В 1952 году Эдвин Шнейдман открыл в Лос-Анджелесе первый центр по предотвращению самоубийств и постарался создать практичные (а не теоретические) подходы к рассуждению о самоубийстве. Он предложил считать, что самоубийство есть результат разбитой любви, утраты самообладания, сторонних атак на сложившееся представление о себе, скорби и исступления. «Суицидальная драма чуть ли не автономна и пишет сама себя, как если бы у пьесы было собственное сознание. Нас должно отрезвлять понимание того, что, пока люди, сознательно или бессознательно, могут успешно прятать свою душу, никакая превентивная программа не может быть стопроцентно успешной». Именно на эту скрытность и намекает Кей Джемисон, когда сетует на то, что «частное пространство разума непроницаемо для других».
Несколько лет назад покончил с собой еще один мой однокашник по колледжу. Он всегда был человеком необычным, и найти объяснения его самоубийству в известном смысле легче. Я получил от него сообщение за несколько недель до его смерти и все собирался перезвонить и договориться пообедать вместе. Я услышал новость, когда общался с общими друзьями.
— Кто-нибудь разговаривал с таким-то в последнее время? — спросил я, когда предмет разговора напомнил мне о нем.
— А ты не слышал? — ответил один из друзей. — Он повесился месяц назад.
Этот образ почему-то для меня самый тяжелый. Я могу представить себе друга с порезами на запястьях, летящего в воздухе, и я могу представить себе его тело, разрушающееся в результате падения. Образ этого моего друга, качающегося, как маятник, на потолочной балке, — нет, это до сих пор не укладывается у меня в голове. Я знаю, что мой звонок и приглашение на ланч не спасли бы его от него самого, но самоубийство распространяет вокруг себя чувство вины, и я не могу избавиться от мысли, что, если бы мы встретились, я уловил бы какие-то признаки и что-нибудь бы с этим сделал.

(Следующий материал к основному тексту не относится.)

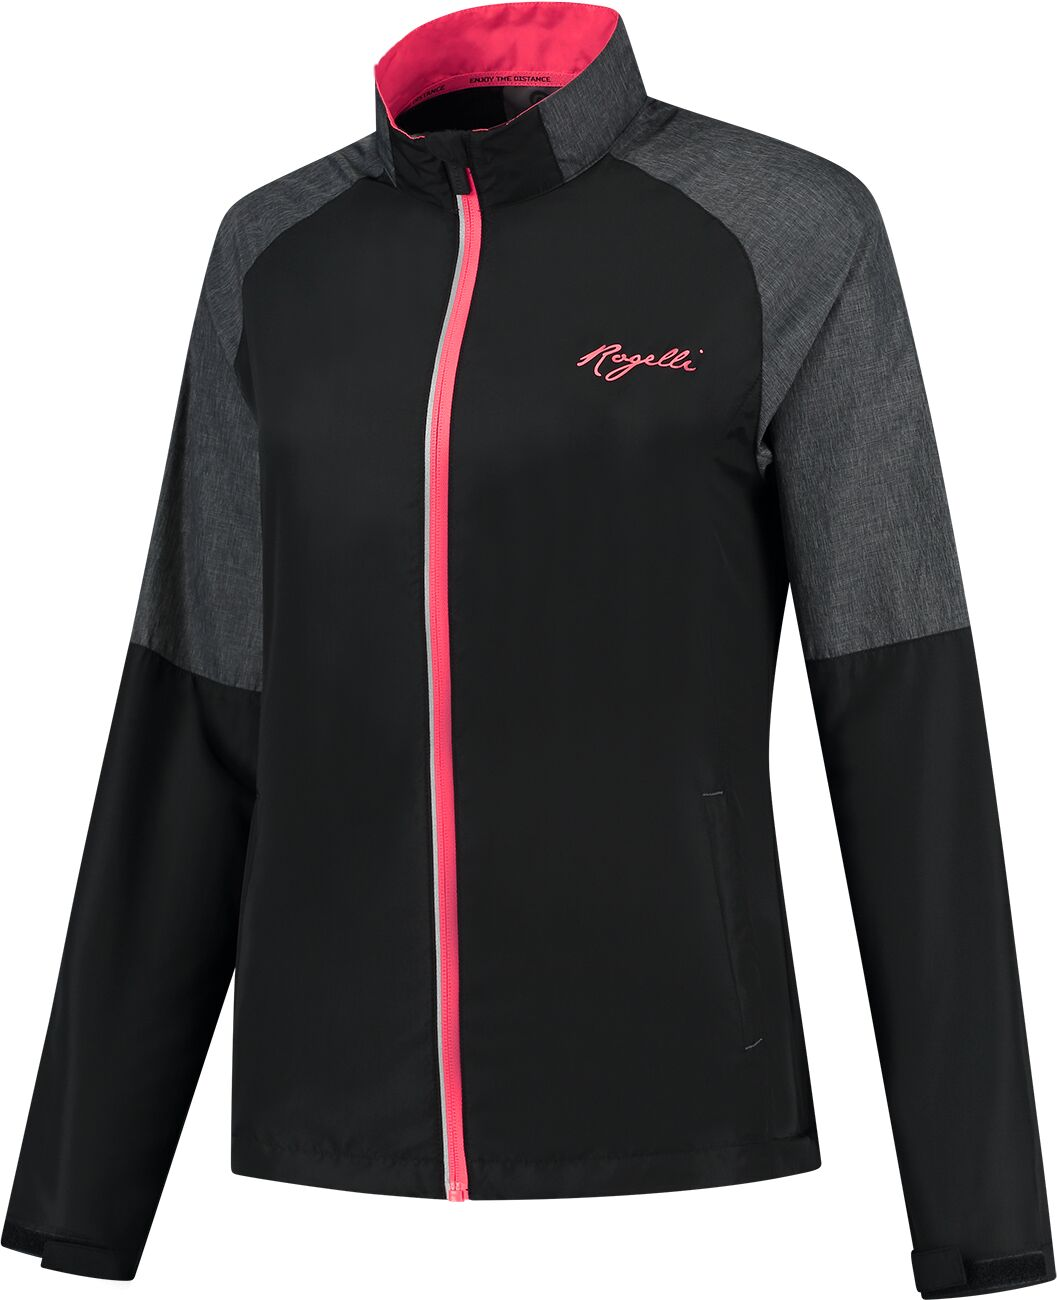 ROGELLI damska kurtka do biegania ENJOY black ROG351112 Rozmiar: XL,ROG351112.XS

Потом покончил с собой сын делового партнера моего отца. Потом сын друга моего отца. Потом еще двое моих знакомых. И друзья моих друзей кончали с собой, и, пока я писал эту книгу, я слушал рассказы людей, лишившихся братьев, детей, возлюбленных, родителей. Можно понять путь, приведший человека к самоубийству, но его менталитет в этот самый момент, когда для совершения последнего акта требуется некий скачок, — это так непостижимо, так страшно, так странно, что кажется, будто никогда и не знал совершившего его человека.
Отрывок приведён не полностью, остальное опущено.